Volvemos con el resto y la comida ya la han servido, por lo cual comenzamos a comer.

-¿Qué ha pasado en el baño para que vengáis con cara de haber chupado un limón?- pregunta Guille divertido.

-Estábamos besándonos y ha llegado Mar- explico con indiferencia y enfado a la vez.

-¿Que estábais qué?- pregunta el gemelo menor tragando costosamente.

-Besándonos- repito- ¿Es que estás sordo o algo?

-No, no, lo he escuchado perfectamente, simpática- escupe sarcástico y se levanta ruidosamente- Voy al baño.

-Adiós- exclamo con una sonrisa- Tírate a la rubia amargada de camino.

Me dedica una sonrisa falsa y arrogante y camina hasta el baño con el teléfono.

-Está celoso- exclama Guille divertido- Es muy gracioso verlo así.

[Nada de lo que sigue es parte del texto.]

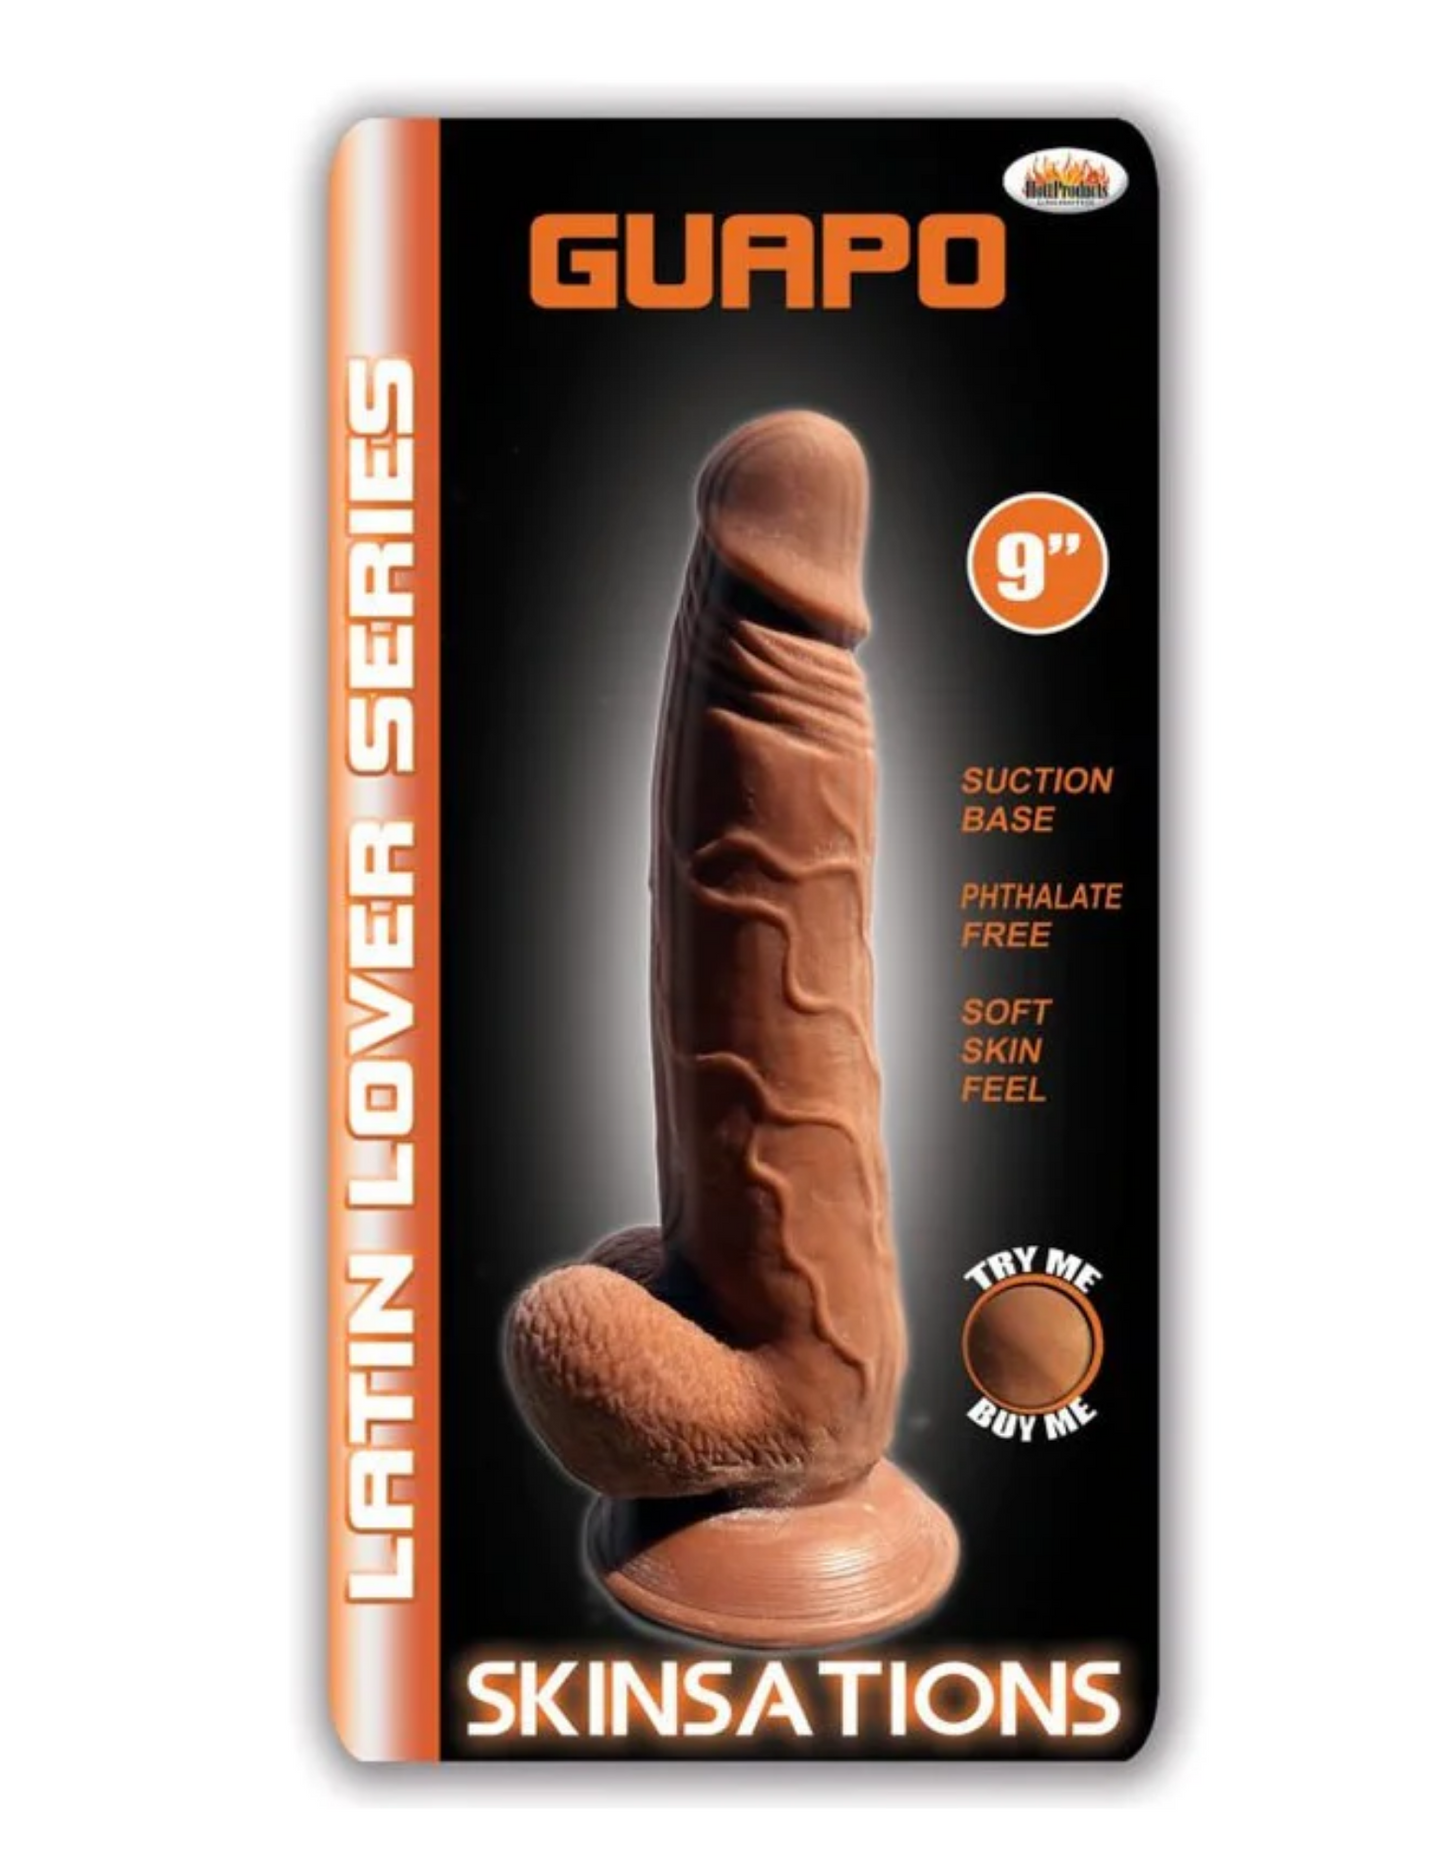 Photo of the product and package for the Skinsations Guapo Dildo from Hott Products..

-No es gracioso- niega Jules obvia- Es para mearse.

-Ala, que fina, hija- se queja Celia- Eres más fina que el coral.

-Somos de Sevilla, ¿qué esperas?- replico- Eres tú la que es demasiado fina aquí.

-Mar es más fina que yo- se defiende.

-Tía, es de Barcelona, ¿qué coño quieres?

-En cambio, tú eres de Málaga- finaliza Jules.

Chocamos nuestras manos con sincronización.

-Sois unas psicópatas conectadas cósmicamente- bromea dramatizando Jesús.

-¿Cósmico no era Doraemon?- pregunta la mayor quedándose pensativa.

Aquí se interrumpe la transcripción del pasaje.